Юрий Черняков - Чудо в перьях
И оба захохотали. И, продолжая смеяться, гость положил конфету в рот, откусил… И тут же заорал от боли, схватившись за щеку.
— Что, зуб? — участливо спросил хозяин, склонившись над ним. Тот выплюнул на блюдце два зуба. Один был сломанный, почерневший, другой золотой…
Держась за щеку, Цаплин ошарашенно смотрел на содержимое блюдца, казалось, забыв о боли.
— Что это? — спросил он. — У меня никогда не было золотого зуба!
— А это золото в шоколаде! — спокойно сказал Радимов, допивая свою чашку и жуя конфету. — Вон, видишь, у меня тоже. Что ты там написал, Рома, с разоблачительными подробностями? Вот: вишня в шоколаде, конфеты с ликером, которых никогда не было в продаже в государственных магазинах… Так что придется переписывать донос, Рома! Золото в шоколаде — похлеще будет!
И засмеялся, как дитя, указывая пальцем на ошалевшего гостя.

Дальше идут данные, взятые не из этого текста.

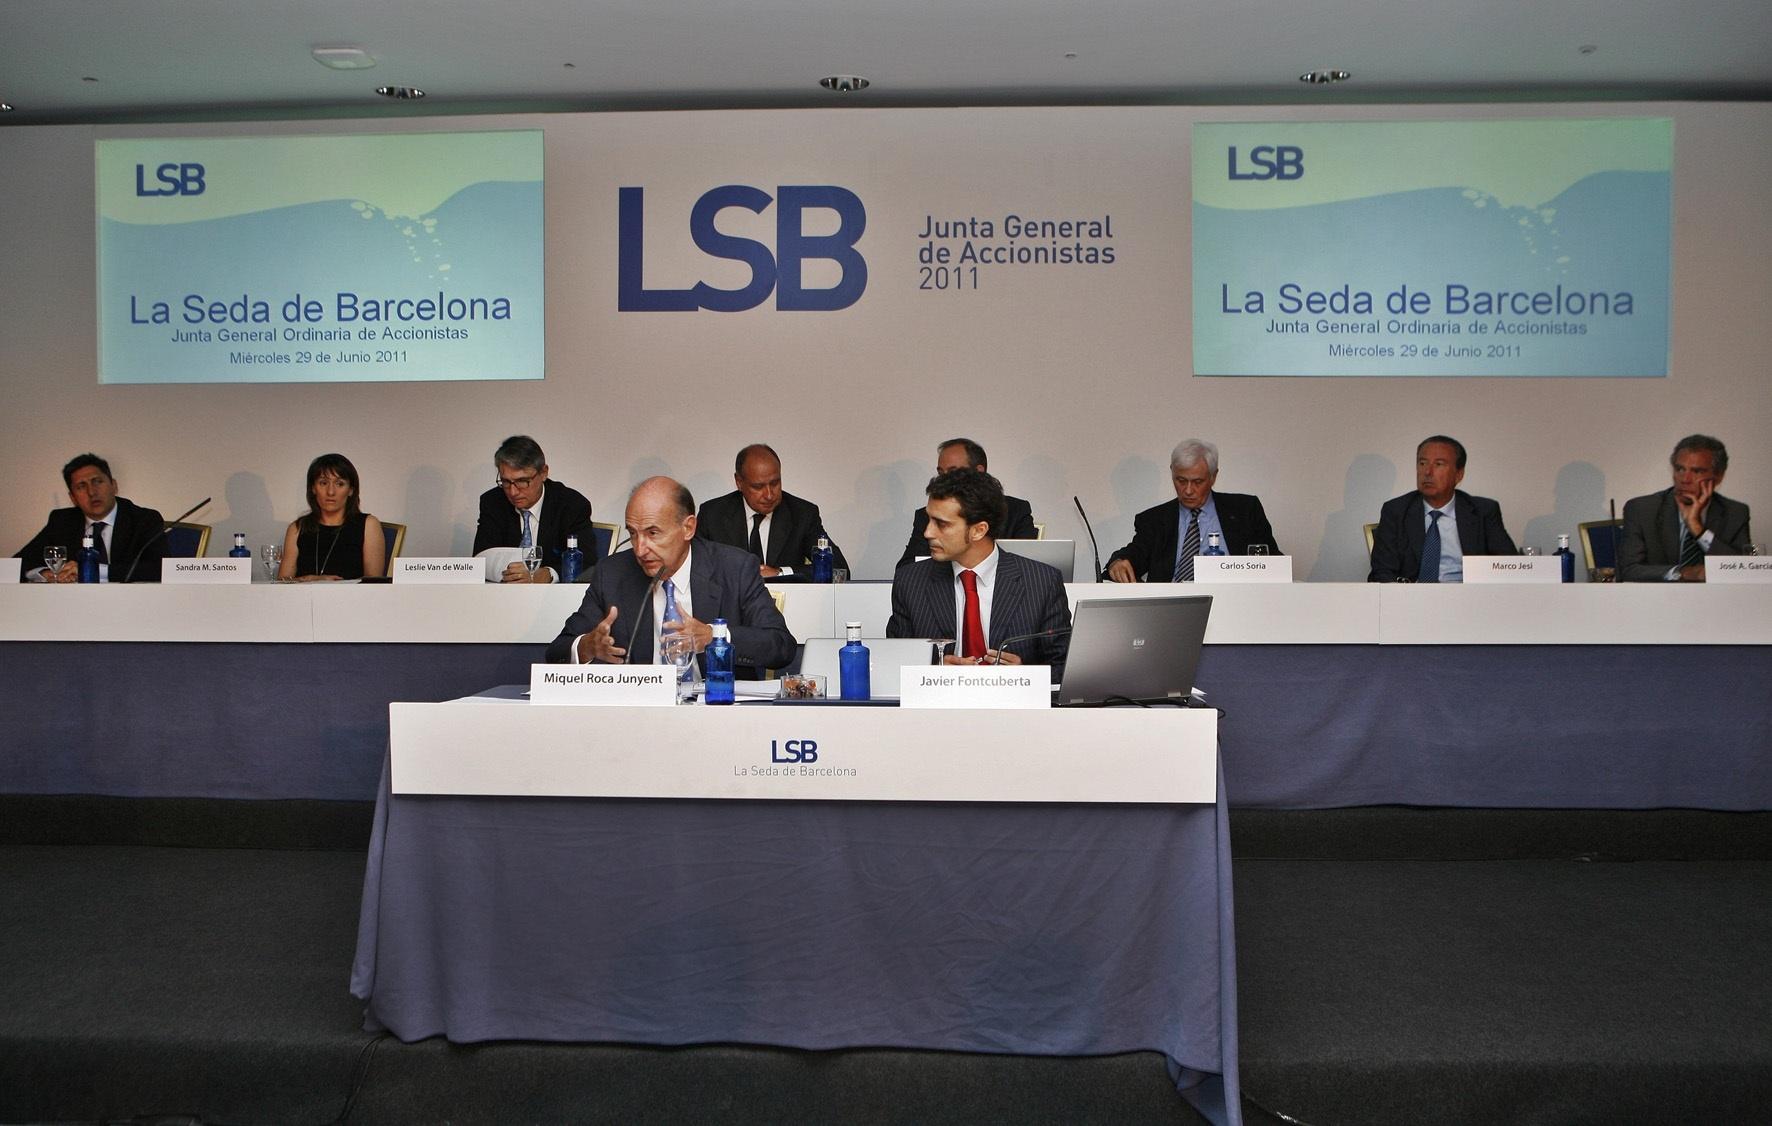 (Ampliación) La Seda de Barcelona presenta concurso de acreedores

— Разыграл я тебя, а? Давно так не разыгрывал! Да, пожалуй, с прошлого века, при царствовании Александра Второго, освободителя, когда ты подговорил студентов бомбу кинуть под мой экипаж! Те, дурни, бомбу кинули, кучера насмерть, из лошадей кишки по земле, а ты, родной, стоял, радовался в сторонке, мол смерть царскому сатрапу, обманувшему крестьян пресловутой свободой! Я тут сзади к тебе подошел и легонько так по плечику твоему, помню, в пальтишке ты был суконном, моей мануфактурой сработанном, потрепал. Ты живо обернулся, не чаял меня живого видеть! Чуть Богу душу не отдал от такого разочарования! А в коляске-то был твой единомышленник, Гришка Полуэктов, названый твой собрат по борьбе. Связали мы его, пальто мое аглицкое надели, фуражку мою с красным околышем… Да рот заткнули. Вот лошадей было жалко, я за них купчишке Самодееву полтыщи отдал за каждую! Да ладно, чего не дашь, чтоб увидеть тебя изумленного неожиданностями жизни да превратностями судьбы! Вот как сейчас!
Забыв о боли, Цаплин смотрел на него, приоткрыв рот. Я тоже еще не видел Радимова таким. Другое лицо, более утонченное и благородное, другая речь, голос другой, казалось, он переживал на наших глазах очередное свое перевоплощение, только прижизненное и в обратную сторону.
Потом он запнулся, лицо его потускнело и погрустнело.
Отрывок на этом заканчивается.